# Homemade Gelato - and keeping it the correct temperature!



## rhirhi (Sep 14, 2014)

Hi everyone!

I'm new to this site, but definitely enjoying having a good look around!  

I have started making homemade gelato in my trusty ice cream maker, but what I am finding is that my gelato is the perfect consistency and level of hardness straight after it has been made, but when I put it into the freezer it turns too hard, more like ice cream.  I have played around with my freezer settings, as I know that gelato should be kept at warmer temperatures than ice cream, but even on the warmest setting my freezer freezes the gelato too hard.  So I was wondering if anyone has got any advice as to what I can do regarding this, can you buy freezers that maintain gelato at the perfect soft scoop consistency, or do you need to freeze it hard and then allow it to melt a bit?  Is there anything you can add to the mix to stop it freezing so hard?

Any replies would be very very welcome!

Thanks alot! 

Rhiannah xx


----------



## chicagoterry (Apr 3, 2012)

Probably not traditional with gelato but I use a shot of vodka when I make ice cream. The alcohol keeps it from getting quite so hard, but, really, you do have to just let it soften a bit if it's been in the freezer for more than a couple of hours.

Also, if you keep other things in your freezer you really don't want to be fiddling with it to make it warmer or you risk spoiling everything else that is in there that should be kept very frozen.


----------



## jellly (Jan 3, 2005)

The vodka is a good suggestion.  Really, making ice cream or gelato in a home machine is difficult because it does tend to freeze quite hard.   I have found that certain recipes yield better results.  It's not gelato, but Jeni's Splendid Ice Cream book is geared towards home cooks.  I have also found mixes that incorporate a little sour cream, creme fraiche or sweetened condensed milk will keep a creamier consistency at home.  You can also increase the amount of sugar to make it softer.


----------



## chefross (May 5, 2010)

My suggestion would be to play around with the sugar ratio of the recipe.

I have had the same issue and found out through experimenting that less sugar will change Gelato consistency.


----------



## kikina (Aug 1, 2014)

I let mine sit out for about 10-15 min


----------



## dobzre (Mar 3, 2011)

Sugar, works, alcohol works... Could also transfer it to the fridge 30 minutes before serving it.
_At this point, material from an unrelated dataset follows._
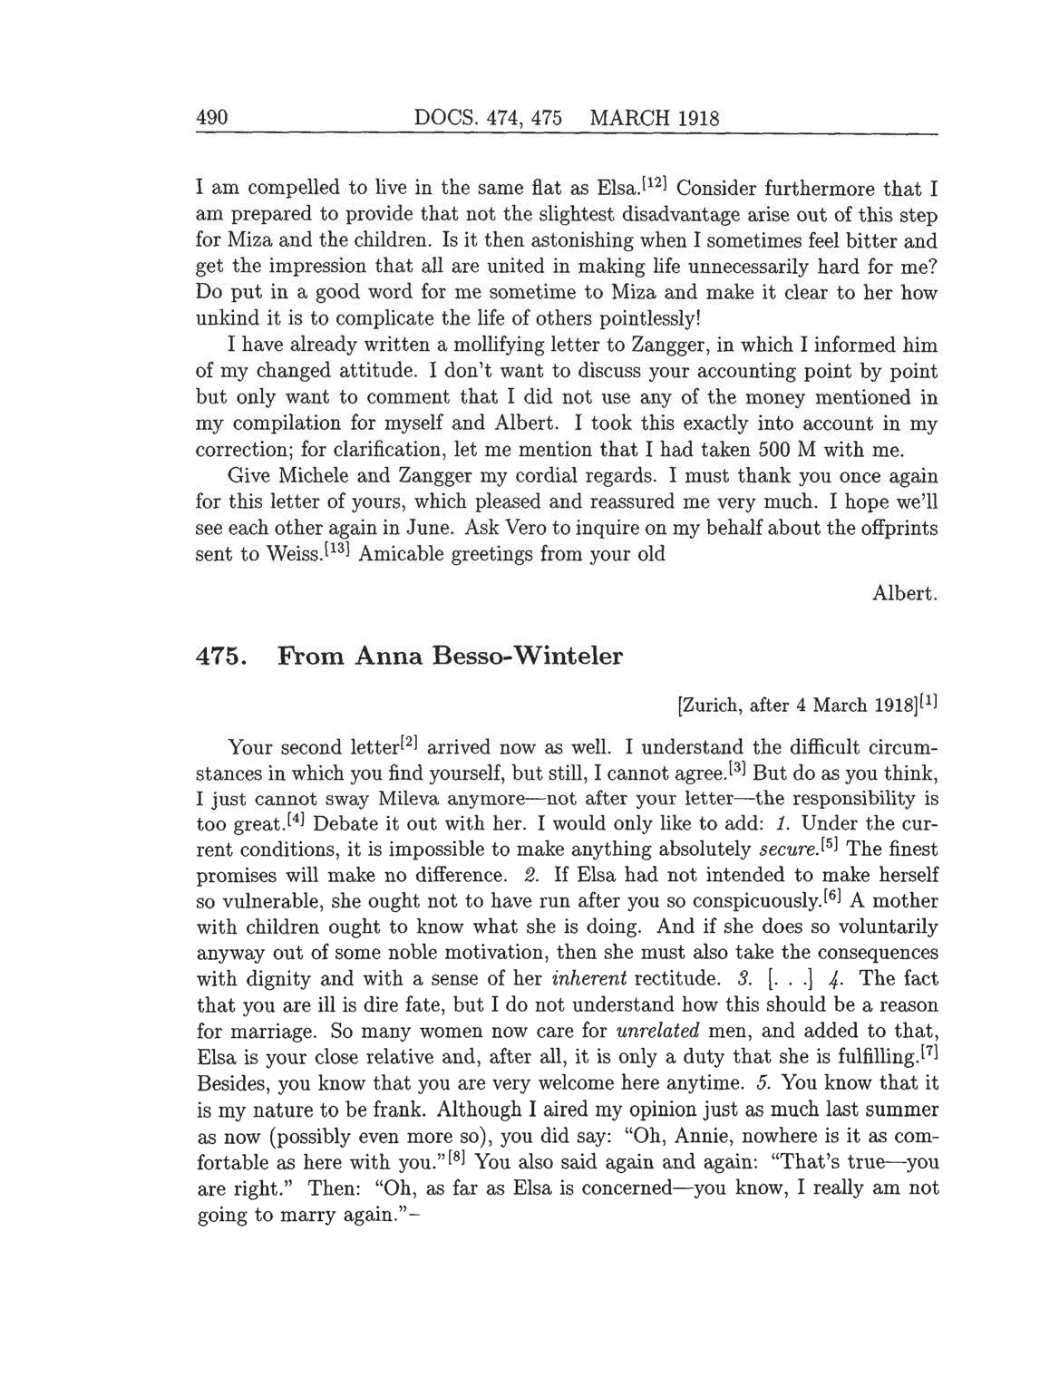 Volume 8: The Berlin Years: Correspondence, 1914-1918 (English translation supplement) page 490

I have to do that to my peanut butter ice cream anyways.


----------



## thymetobake (Oct 2, 2014)

Vanilla extract or even almond extract would work as well; their alcohol content will prevent the gelato from freezing into a rock hard state, and the taste will not be altered as much as it would be if you had added vodka.


----------



## chicagoterry (Apr 3, 2012)

You need a couple of tablespoons of vodka to keep a quart from freezing too hard and you cannot taste it. You would need a flavor-altering amount of flavored extract to get anywhere near the amount of alcohol you need to do the trick. David Lebovitz suggests kirsch if it's a fruit flavored ice cream and champagne or rose if it's a fruit sorbet.

Here are some other tips for keeping ice cream softer from Lebovitz:

http://www.davidlebovitz.com/2007/07/tips-for-making-1/


----------